# The task:
Extract, exactly and without pictures, every line from the one that includes "No Brainer Guarantee, 3-Day/250-Mile" through the final line of the material below.

# Data section:

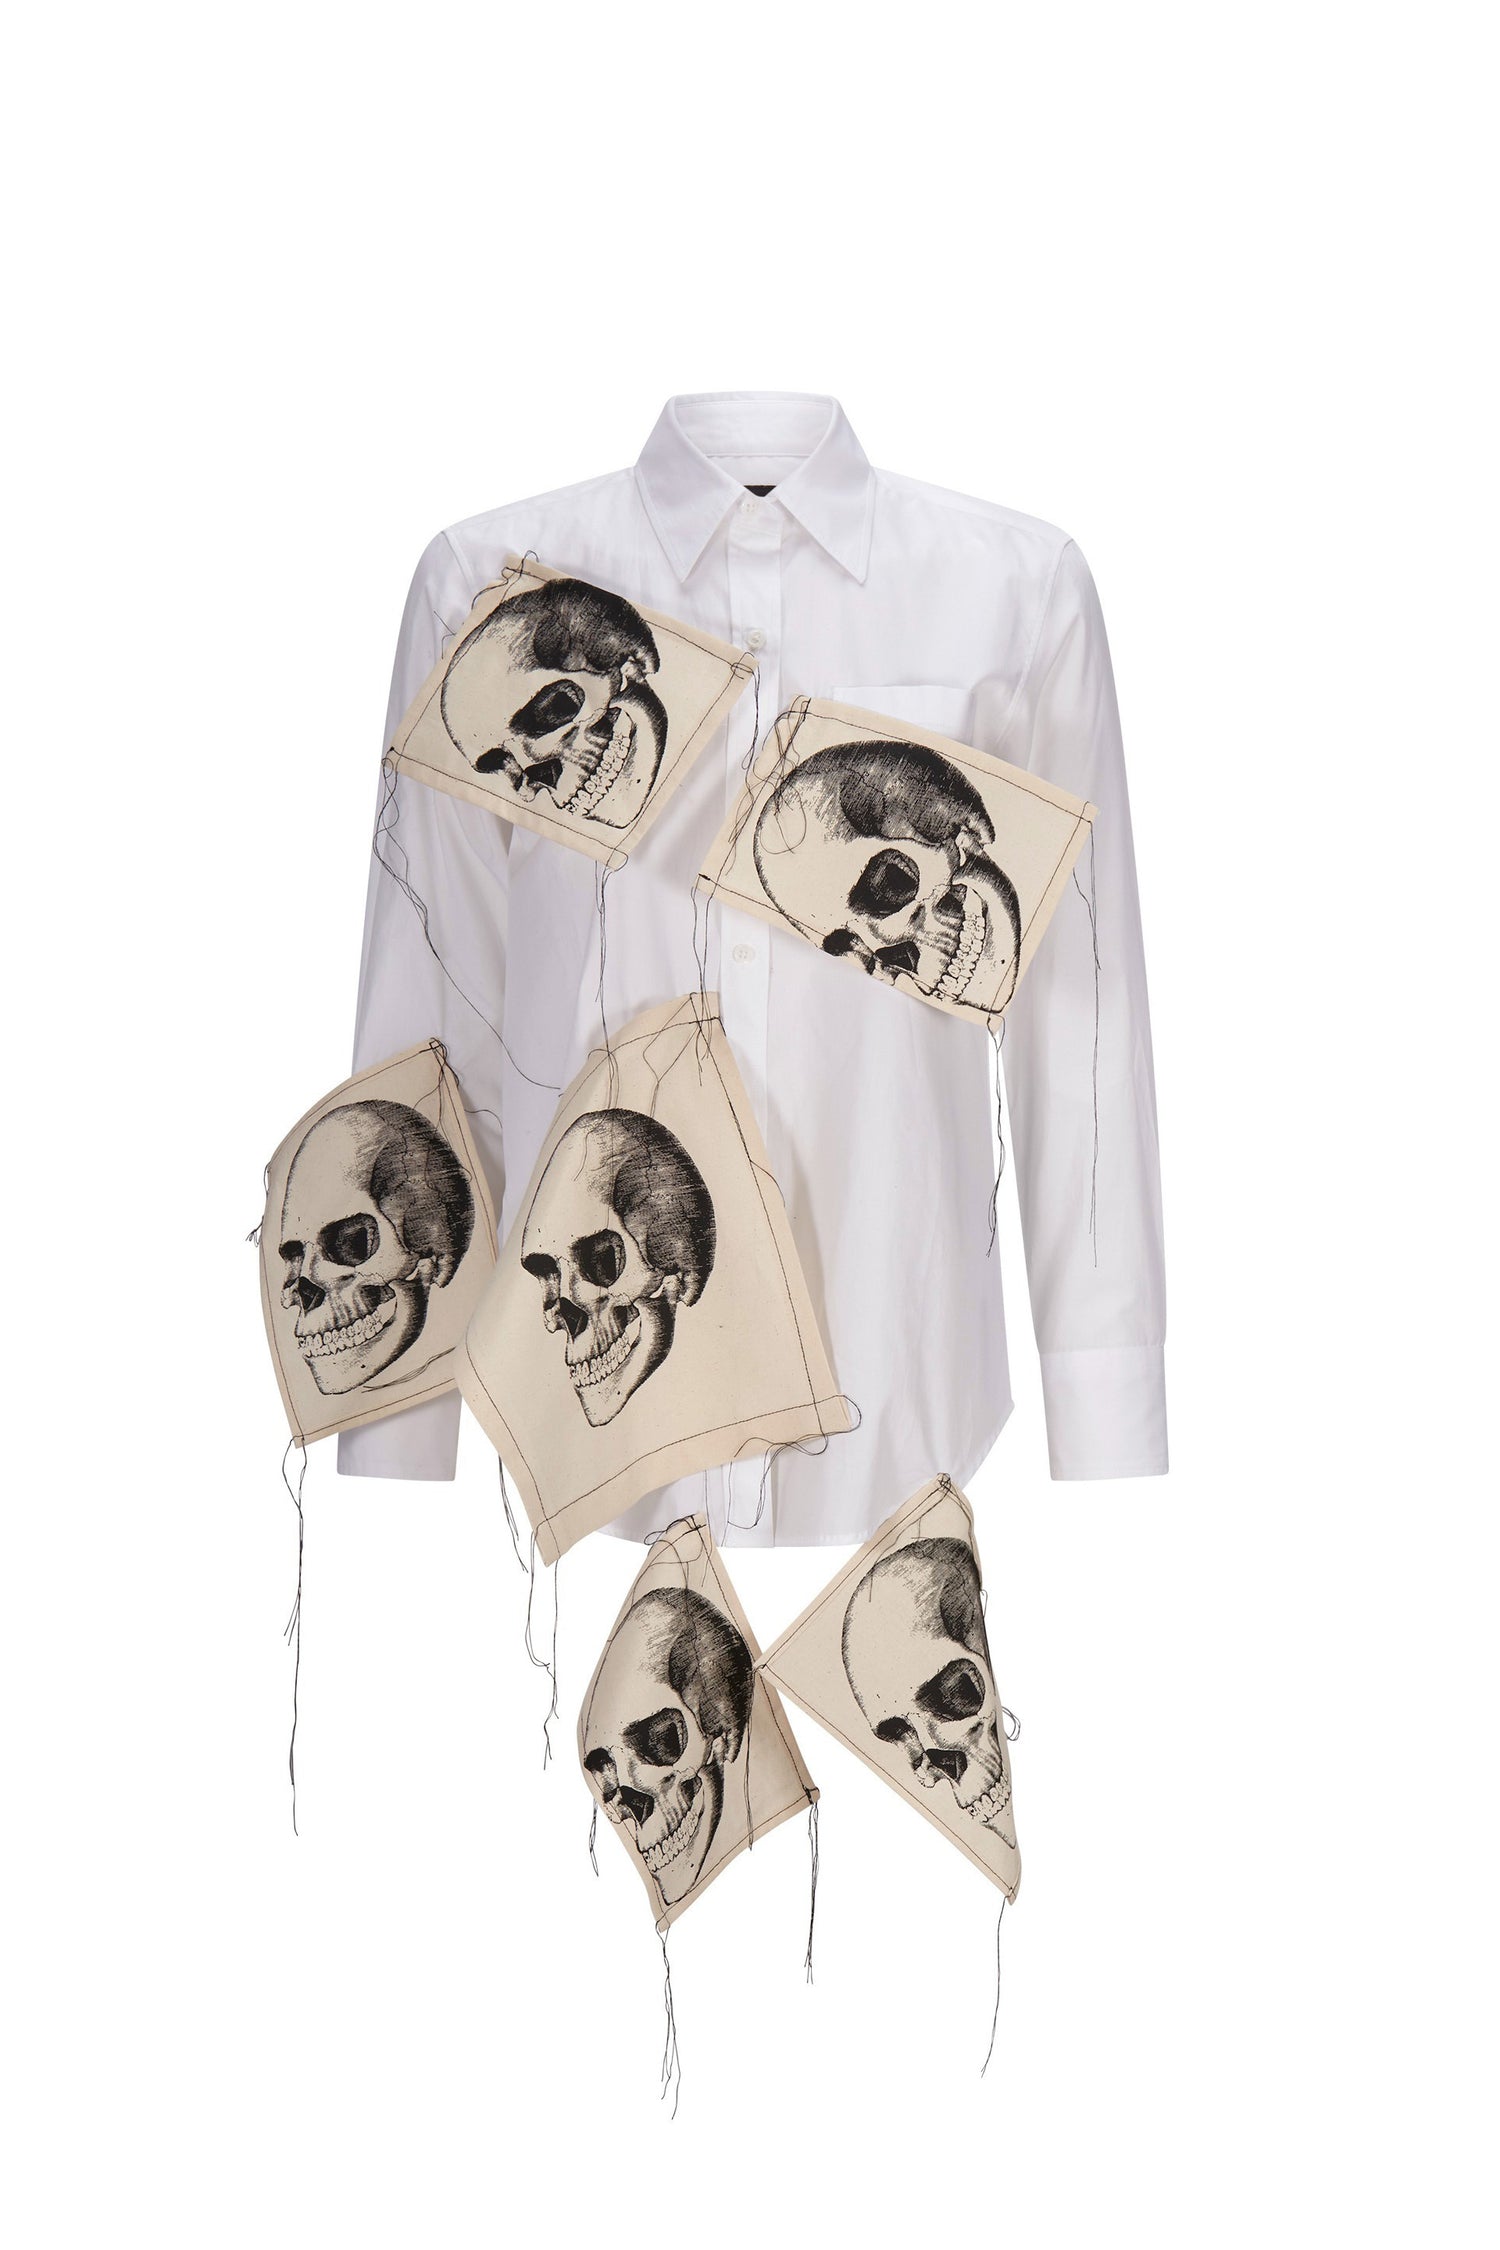 'TALES FROM THE CRYPT' NEW CLASSIC SHIRT -  - Libertine
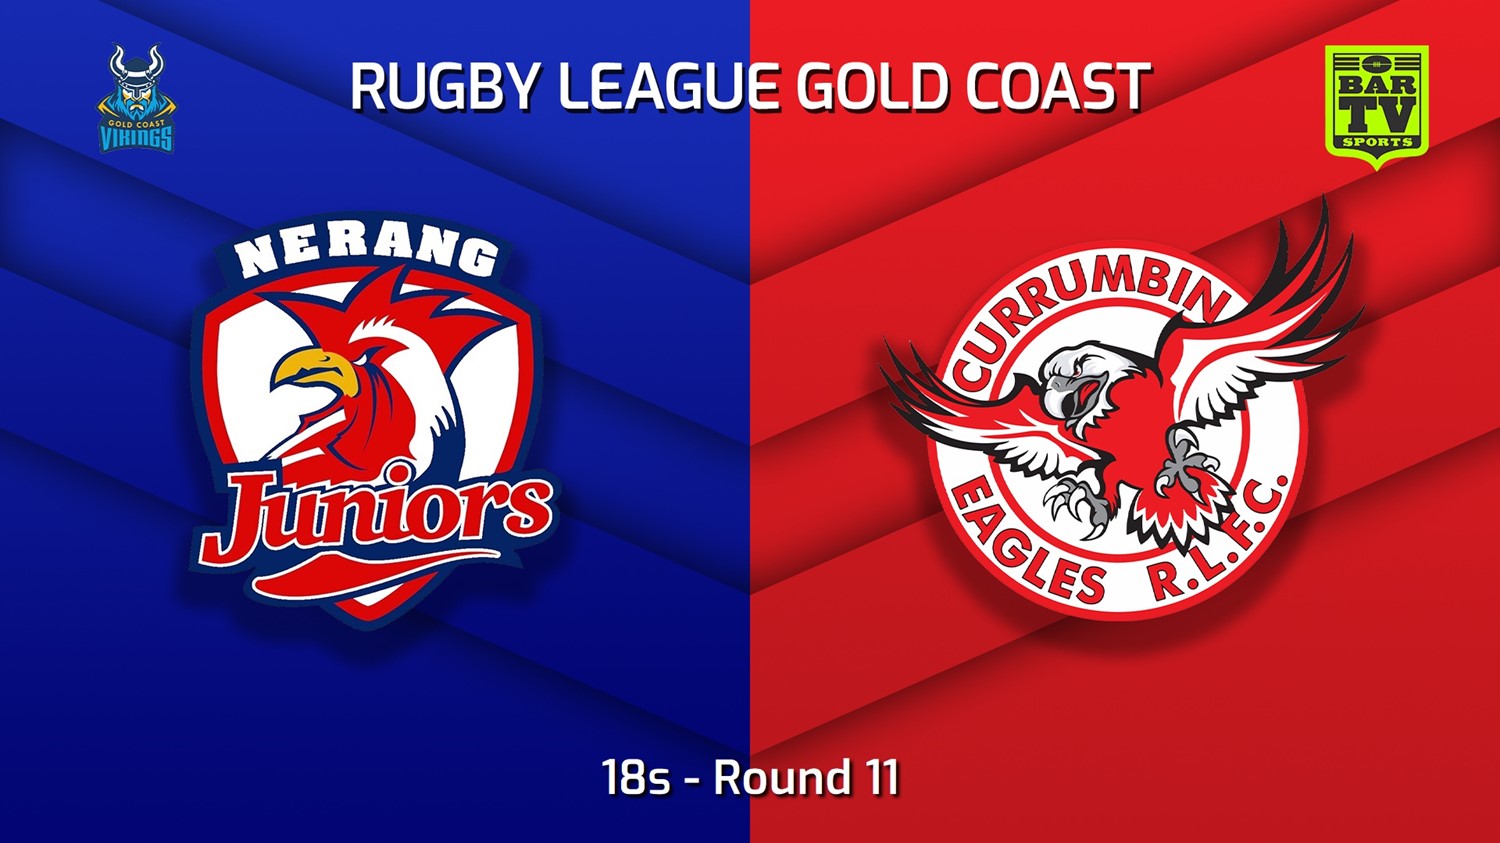 220618-Gold Coast Round 11 - 18s - Nerang Roosters v Currumbin Eagles Slate Image
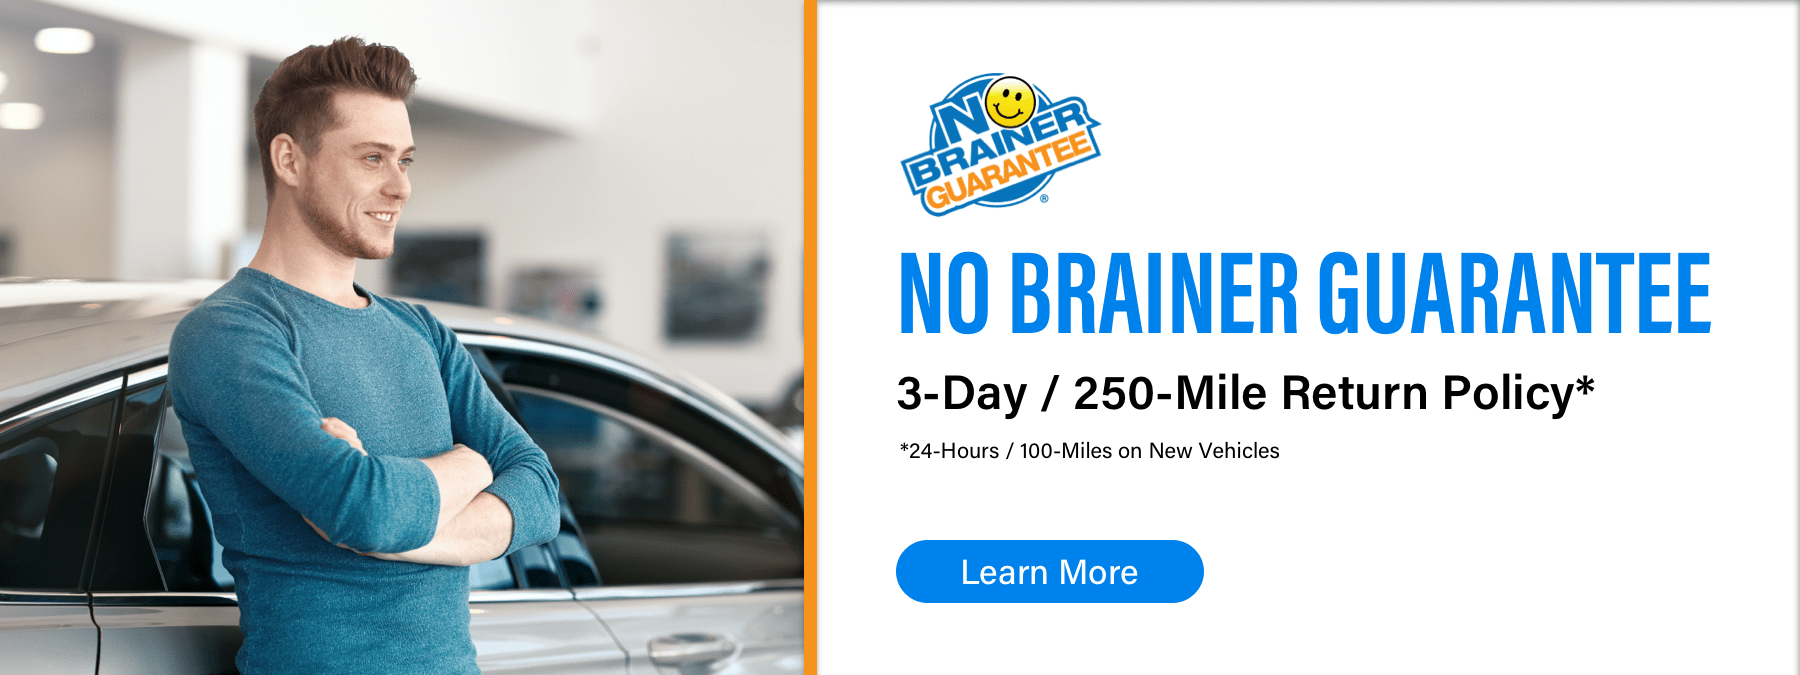 No Brainer Guarantee, 3-Day/250-Mile Return Policy*, *24-hours/100-Miles on New Vehicles, Learn More
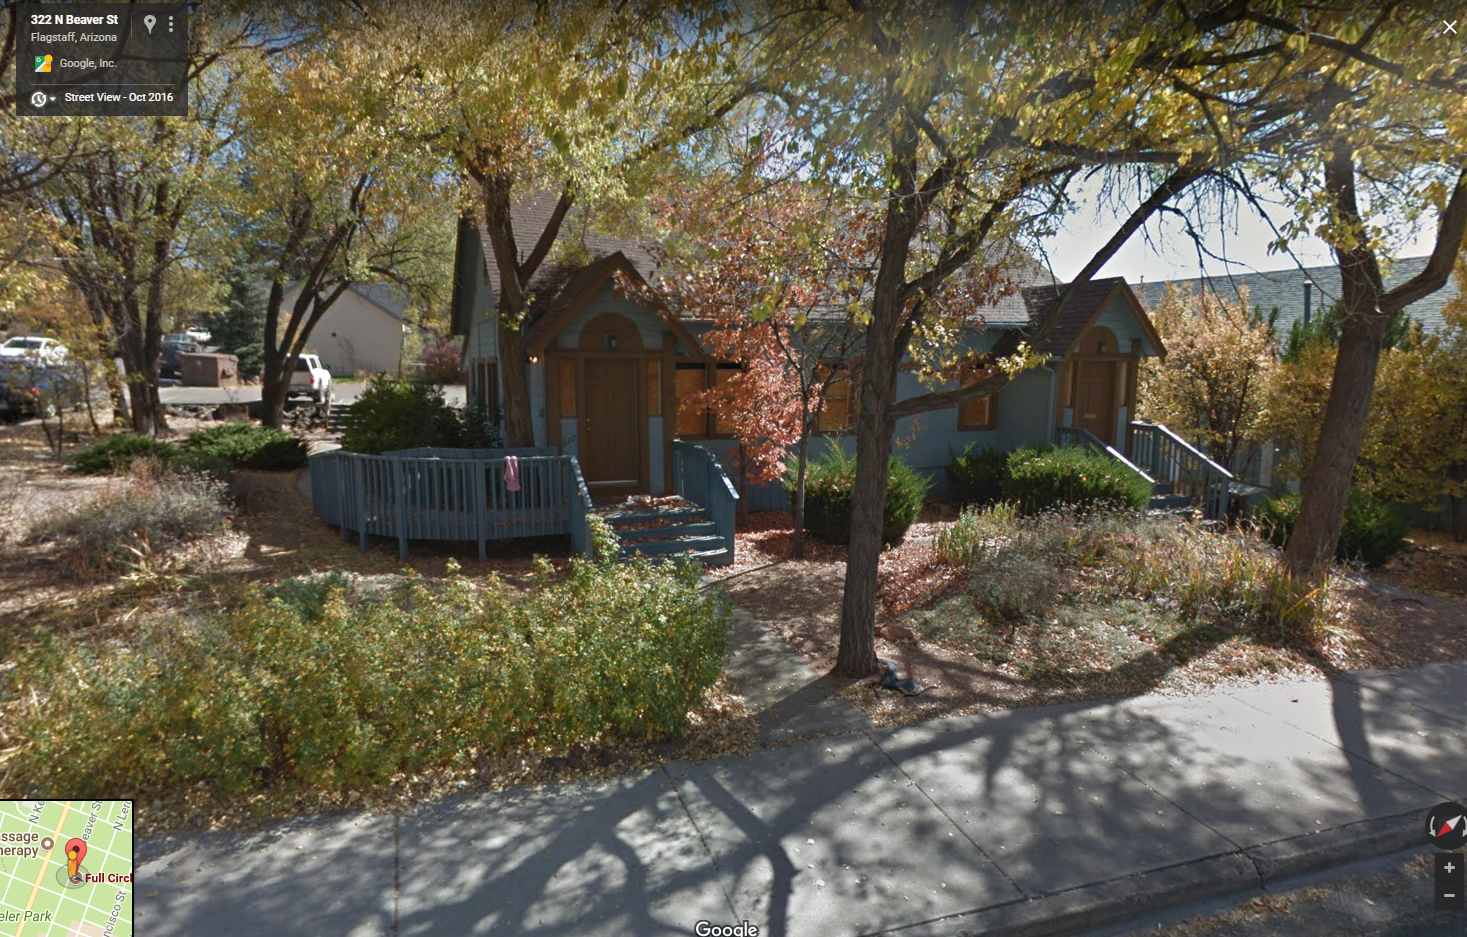 Duplex on the site previously, Google Street View 2018

# Solved exercise:
 No Brainer Guarantee, 3-Day/250-Mile Return Policy*, *24-hours/100-Miles on New Vehicles, Learn More
 Duplex on the site previously, Google Street View 2018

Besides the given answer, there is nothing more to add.